Ingredients:
Lobster
Seaweed
Red Snapper
Shrimp
Corn
Crabmeat
Scallops
Butter
Eggplant
Cucumber
Tomatoes
Onions
Red Peppers
Olive Oil
Salt and Pepper
Long Hot’s
Potatoes
Directions:
First cut and score the eggplant. Cut up onions, cucumbers, red peppers, and add a little olive oil. Stick the veggies into the oven.
Lobster:
Slice down the middle and crack the claws. Split it open and put it into a pan. Season the lobster to your liking. Add some oil and water so it can steam. Put it into a steamer.
Rue:
Add flower and butter and stir. Add some milk as well to make it thick. Add the crabmeat and scallops into the pan and stir. Add shredded cheese. Add shrimp and parsley into the pot as well.
After the veggies are cooked slice them up. Add oil, salt, pepper and some spice to the veggies for flavor. Put some basil on top and squeeze some lemon onto it as well. Steam the potatoes as well.

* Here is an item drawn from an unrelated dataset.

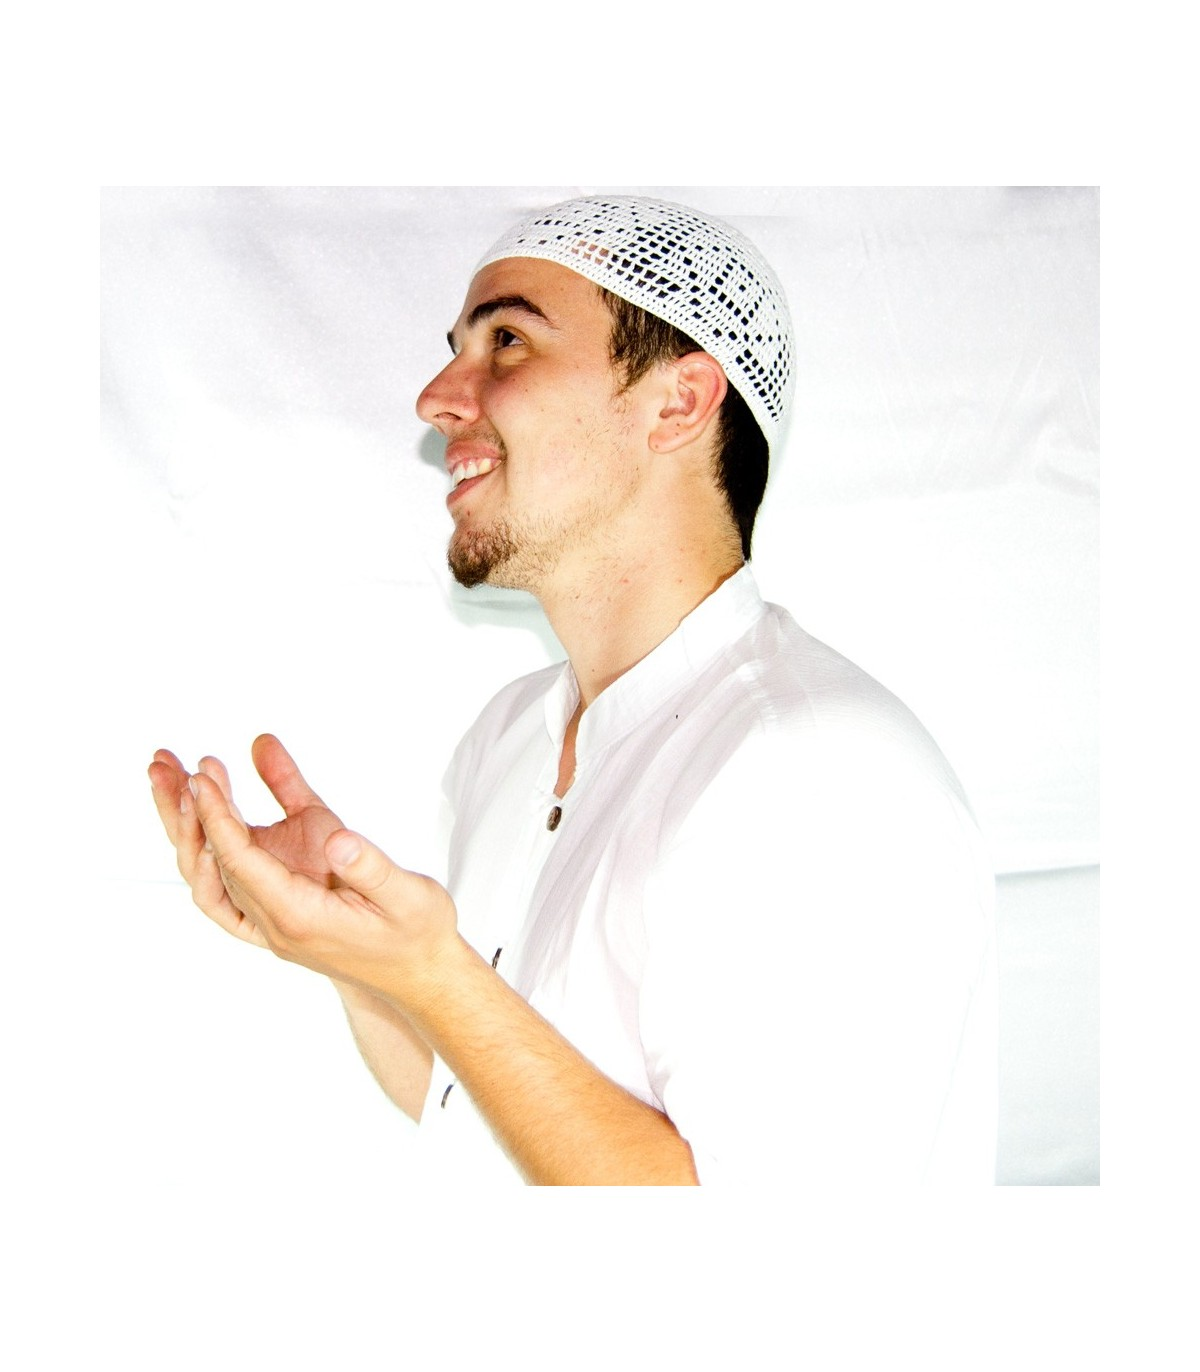 Gorros Salat Algodón Blanco - Talla Unica - Mosaico. Gorro Arabe Fez Rojo  Flecos - Gorro Marroquí - Gorro Moro 9b283f89efc

Spread the rue into the open lobster. Put a little cheese and olive oil into it. Steam them all together.
Take the Red Snapper and add some salt and herbs. Add some olive oil. Precook the snapper. After the precook add the veggies to the snapper as shown.
Then, season the shrimp and mix it all together. Add some olive oil to the bowl of shrimp. Pour the bowl of shrimp into a tray and stick it in the oven.